1628 Strobel

Discovery
- Discovered by: K. Reinmuth
- Discovery site: Heidelberg Obs.
- Discovery date: 11 September 1923

Designations
- Named after: Willi Strobel (astronomer)
- Alternative designations: 1923 OG · 1926 GY 1947 GC · 1949 QA_{2} 1952 DV_{2} · 1957 CA 1960 WH
- Minor planet category: main-belt · (outer)

Orbital characteristics
- Epoch 4 September 2017 (JD 2458000.5)
- Uncertainty parameter 0
- Observation arc: 93.11 yr (34,007 days)
- Aphelion: 3.2152 AU
- Perihelion: 2.8088 AU
- Semi-major axis: 3.0120 AU
- Eccentricity: 0.0675
- Orbital period (sidereal): 5.23 yr (1,909 days)
- Mean anomaly: 244.38°
- Mean motion: 0° 11^{m} 18.6^{s} / day
- Inclination: 19.387°
- Longitude of ascending node: 181.19°
- Argument of perihelion: 289.14°

Physical characteristics
- Dimensions: 51.15±14.91 km 53.147±0.793 km 54.26±16.39 km 56.58±0.68 km 57.06 km (derived) 57.12±1.7 km (IRAS:12) 59.345±0.484 km
- Synodic rotation period: 9.52±0.01 h 11.80 h
- Geometric albedo: 0.047±0.010 0.05±0.03 0.0504 (derived) 0.0532±0.003 (IRAS:12) 0.055±0.002 0.0581±0.0113 0.06±0.04
- Spectral type: P · X · C B–V = 0.840 U–B = 0.320
- Absolute magnitude (H): 10.02 · 10.08 · 10.31±0.20 · 10.32

= 1628 Strobel =

Main-belt asteroid

1628 Strobel (provisional designation ') is a carbonaceous asteroid from the outer region of the asteroid belt, approximately 55 kilometers in diameter.

It was discovered on 11 September 1923, by German astronomer Karl Reinmuth at Heidelberg Observatory in southern Germany, and named after ARI-astronomer Willi Strobel.

== Classification and orbit ==
Strobel orbits the Sun in the outer main-belt at a distance of 2.8–3.2 AU once every 5 years and 3 months (1,909 days). Its orbit has an eccentricity of 0.07 and an inclination of 19° with respect to the ecliptic. Strobel's observation arc begins two nights after its official discovery observation at Heidelberg in 1923.

== Physical characteristics ==
Strobel is a carbonaceous C-type asteroid. It is also classified as a P-type by WISE and as an X-type asteroid by Pan-STARRS.

=== Rotation period ===
American astronomer Richard Binzel obtained the first rotational lightcurve of Strobel in May 1984. It gave a rotation period of 11.80 hours with a brightness amplitude of 0.22 magnitude (U=2).

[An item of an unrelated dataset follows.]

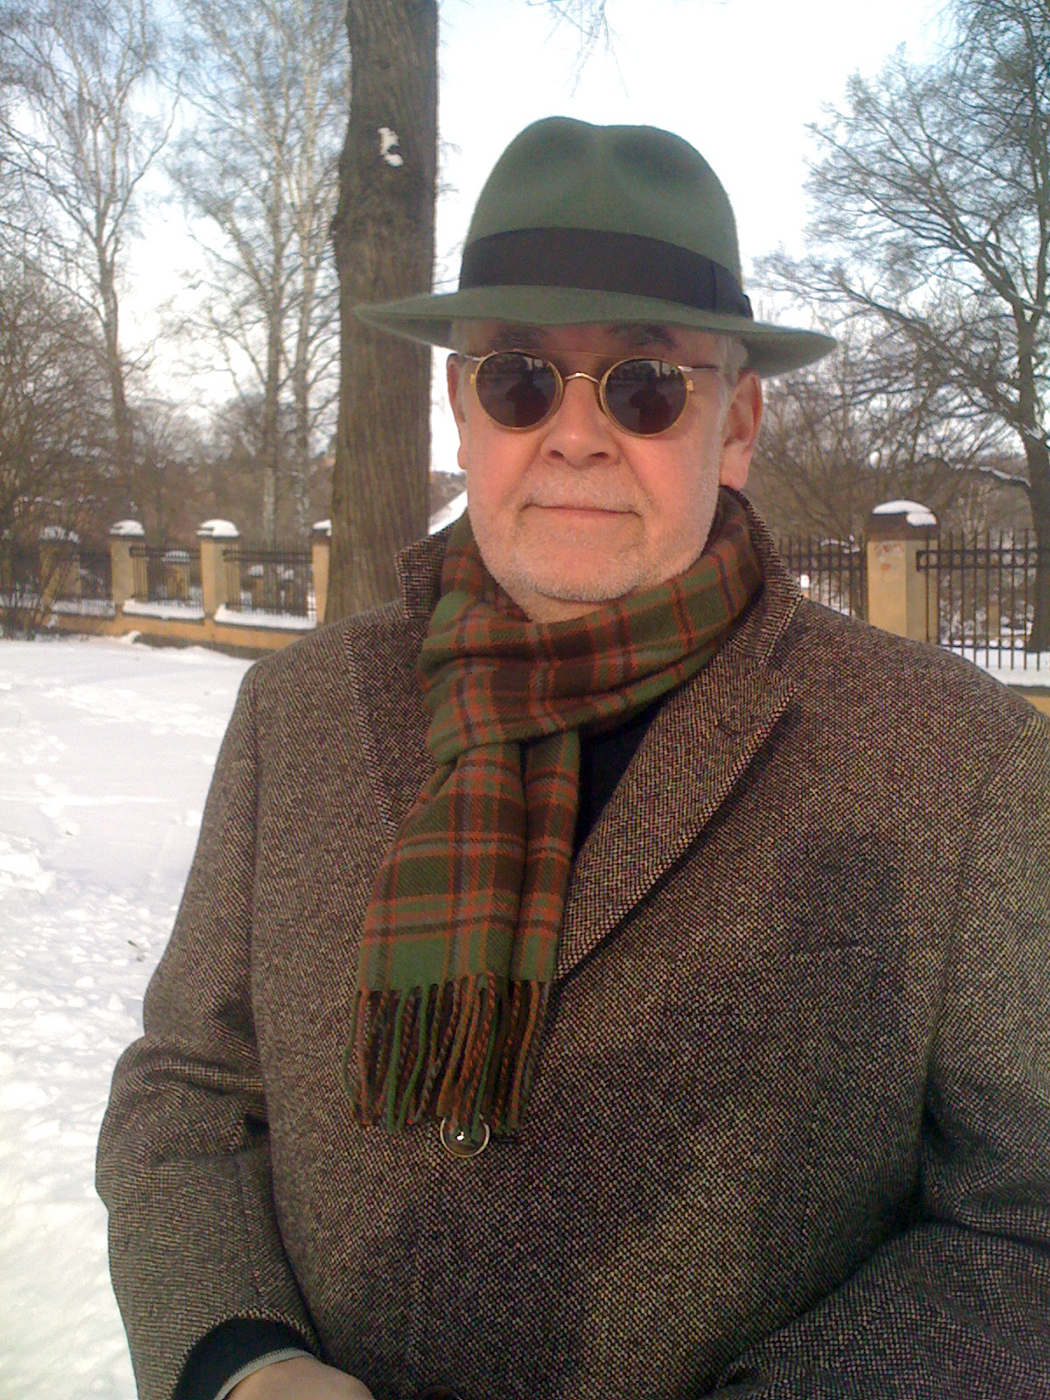 Interview_with_Ingemar_Albertsson_at_Keikari_dot_com10

In May 2005, photometric observations by French amateur astronomer Laurent Bernasconi gave a shorter period of 9.52 hours and a brightness change of 0.20 magnitude (U=2).

=== Diameter and albedo ===
According to the surveys carried out by the Infrared Astronomical Satellite IRAS, the Japanese Akari satellite, and NASA's Wide-field Infrared Survey Explorer with its subsequent NEOWISE mission, Strobel measures between 51.15 and 59.35 kilometers in diameter, and its surface has an albedo between 0.047 and 0.06. The Collaborative Asteroid Lightcurve Link derives an albedo of 0.0504 and a diameter of 57.06 kilometers with an absolute magnitude of 10.08.

== Naming ==
This minor planet was named in honor of Willi Strobel (1909–1988), staff member at Astronomisches Rechen-Institut (ARI) since 1938, and author of the 1963-edition of Identifizierungsnachweis der Kleinen Planeten (Minor planet identifications, published by ARI). The official was published by the Minor Planet Center on 20 February 1976 (M.P.C. 3931).